PROJECT SUMMARY
Tumors of the central nervous system (CNS) are the most fatal malignancies. Determining the optimal treatment
for patients relies on accurate diagnoses, which at present is only achievable by histopathological analyses of
the tissue obtained by invasive brain surgery. Operations in the brain instill tremendous anxiety in patients and
pose a significant risk for neurological morbidity and even mortality. In addition, accurate longitudinal monitoring
of response to treatment, and distinguishing recurrence from treatment-related effects (pseudoprogression),
relies on limited information obtained on radiologic imaging as the option to invasively obtain tissue
longitudinally over the course of disease is prohibitive due to the morbidity of repeat procedures. Given these
limitations, there has been significant interest in identifying non-invasive or “liquid” biomarkers for the diagnosis
of CNS tumors. Most groups have looked at mutations in circulating cell-free tumor DNA in the plasma or
cerebrospinal fluid. Unfortunately, CNS tumors usually do not release enough DNA into the systemic circulation
for such an approach to be reliable on a prospective clinical basis. Furthermore, searching for single mutations
does not allow for the discrimination of the many different types of brain tumors included in a differential
diagnosis. Instead of focusing on mutations, we focused on DNA methylation alterations that are highly
abundant and cancer specific. We developed, optimized, and validated a novel approach termed cell-free
methylated DNA immuno-precipitation and sequencing (cfMeDIP-seq) that involves isolating and enriching for
methylated fragments of tumor cell-free DNA using a methylation-specific antibody and then sequencing.
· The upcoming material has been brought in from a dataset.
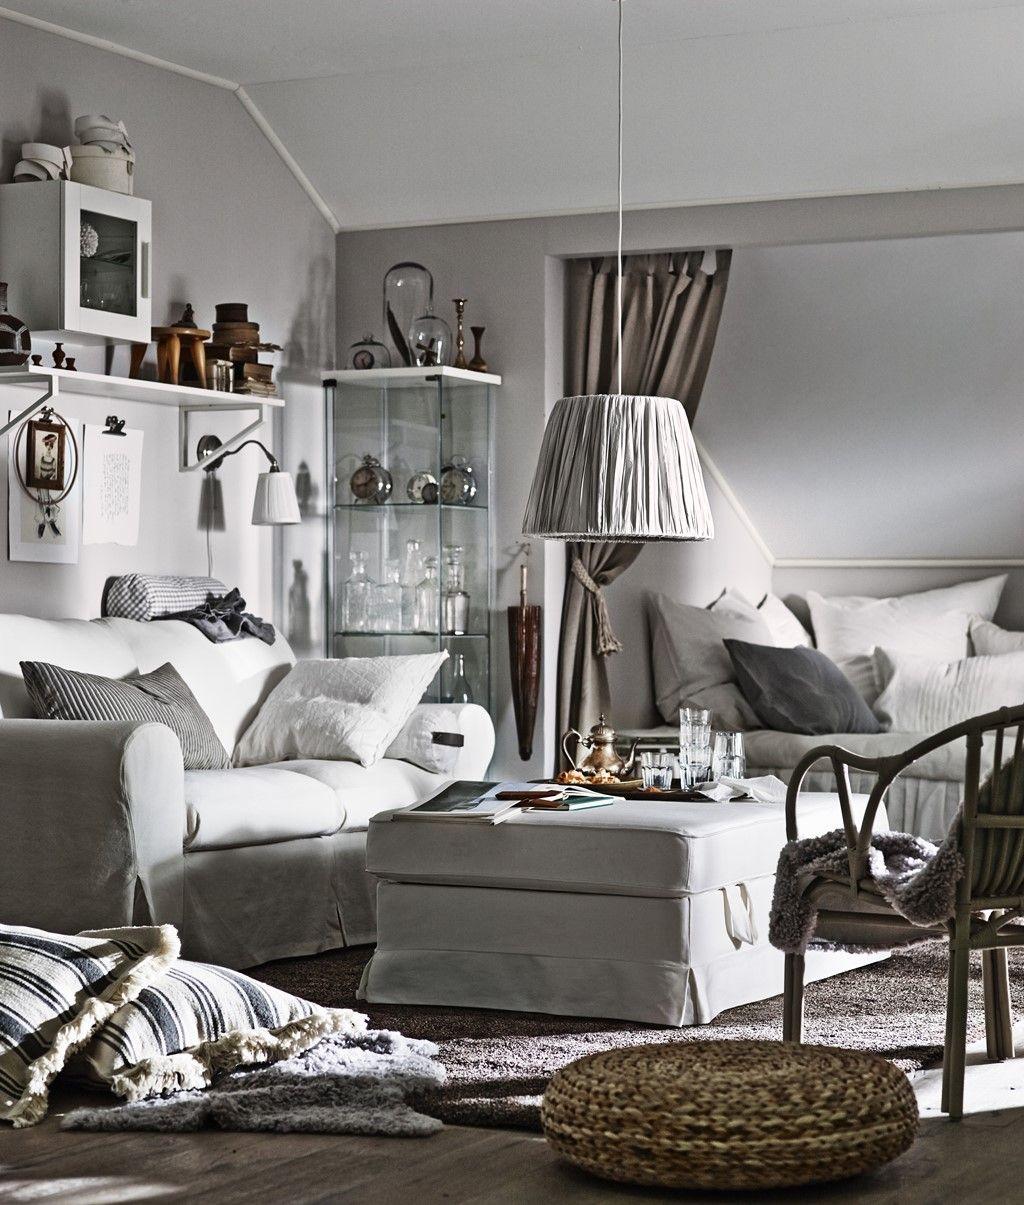 18_salones_IKEA   Decomadera   Pinterest   Salón ikea, Ikea y Catálogo

Published data from our group provides proof-of-principle that plasma cfMeDIP-seq can reliably and accurately
diagnose tumors throughout the body, including those in the CNS. Based on these data, we hypothesize that
methylation profiling of circulating DNA, via cfMeDIP-seq, identifies reliable biomarkers for the
diagnosis, prognosis, and monitoring of CNS tumors non-invasively. We will build upon our existing data
to use cfMeDIP-seq as a novel technique to establish and validate a comprehensive, non-invasive CNS tumor
classifier (Aim 1); build an accurate predictive model for the non-invasive prognostication of meningiomas (Aim
2); identify plasma biomarkers of response to treatment, recurrence, and malignant transformation in gliomas
(Aim 3); and identify methylation and plasma biomarkers of brain metastases development from systemic
cancers (Aim 4). Success in this proposal will genuinely help shape a much-needed paradigm-shift in the field
of neuro-oncology by establishing cfMeDIP-seq as a reliable liquid biomarker for the non-invasive diagnosis,
prognostication, and monitoring of patients with primary and metastatic CNS tumors.